There’s also no reason have Ronny Cedeno on the big club for more than a few days. You’re going to have to go out and find ways to find two bench players better suited to the task than Cedeno and Fontenot. Because Dusty’s not going to use them, and they’re not going to get anything out of sitting on the bench.
You don’t think that the Cubs need to pick up some useful, though likely less than titillating bench filler? Right now, if E-ramis gets hurt, Jose Macias is playing third base every day for you. Every day. How’s that grab you?

How come nobody is on that jackass Bob Ryan for saying I roid yet? Are people scared that all of the extra old man saliva at the corners of his mouth will spill on them?
Desipio is my big enemique! You have beeg problum now meng! You f#*! with da Wrong Venezuelan!
Sorry, Nomar. But with roid/HUAC mania and your history of connective tissue injuries, the roid speculation will not be quelled.
CATCH IT!
Bob Ryan just needs some pudding.
Bob Ryan needs to be slapped, just like my wife.
I KEEL JOO OZZIE GUILLEN, JOO %$#@ER!
So Ozzie, how many ways CAN you %$#@ me?
In way too many more ways dan you can tink about meng.
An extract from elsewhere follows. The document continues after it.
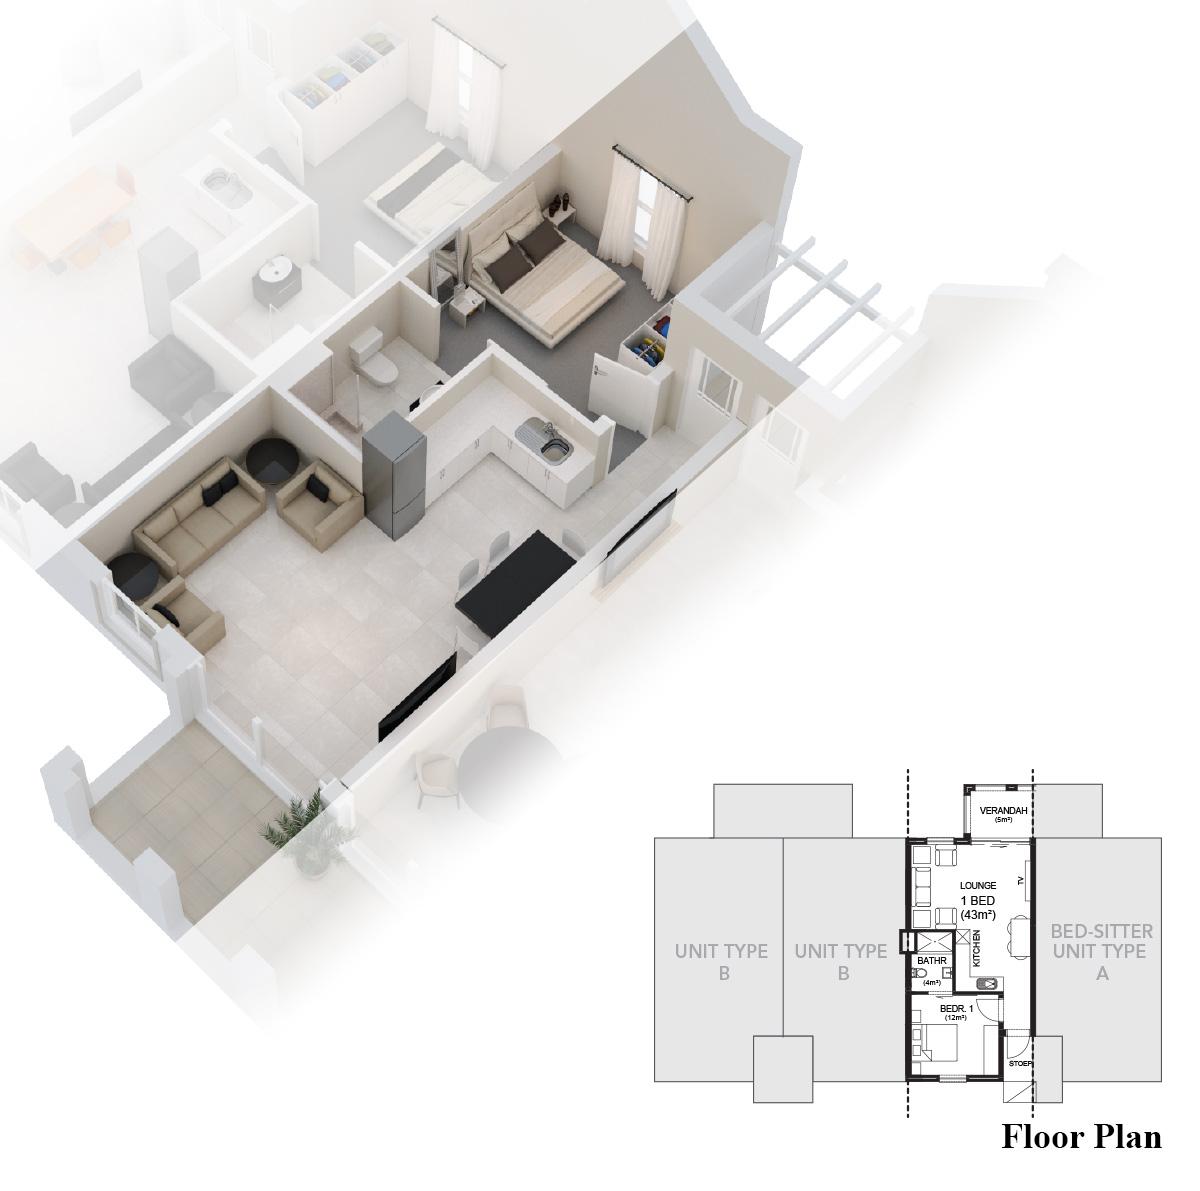 zevenwacht_lifestyle_estate_retirement_apartments_type-b_1200x1191

Who are you, meng?You not as good player as you dink. We gonna go to da seeries witout you. F$#k you, you looser. .307 hitter. Big deal, I better dan you guy.
And F^#k Buck Showalter, while I is at it. He not be good, like me anyway.
F*CK ALL Y’ALL.
Bulls in six? Are you nuts? Who on the Bulls is going to cover Larry Hughes? Plus, I’m going to mount Hinrich like a love-lorn Rottweiller. Wiz in five.
Sounds good to me.
Waaaaaaaahhhhh, the Bulls play diiiiiiiirty!
We sure talk tough for a bunch of assclowns who barely even go to the games. Hell, must of us don’t even know our team’s roster. How many rings do we have? You would think we were a premier franchise, the way we are talking and writing right now.
In 49 at bats Hollandsworth is batting .245 with 1 homer and 5 RBI, Dubois in 15 at bats is .267 with 1 homer and 4 RBI. Hollandsworth is a great pinch hitter, Dubois is not. It doesnt take a genius to see who should be playing everyday does it?
I LaSuck!
Hi, it’s Nomar’s Best Days here. Y’know that disclaimer –“OBJECTS IN MIRROR ARE CLOSER THAN THEY APPEAR”?
Yeah, well, no matter what you’re eyes and what you’ve been trained to accept as truth may be telling you, it’s 1999, and I’m in Boston. What’re YOU driving?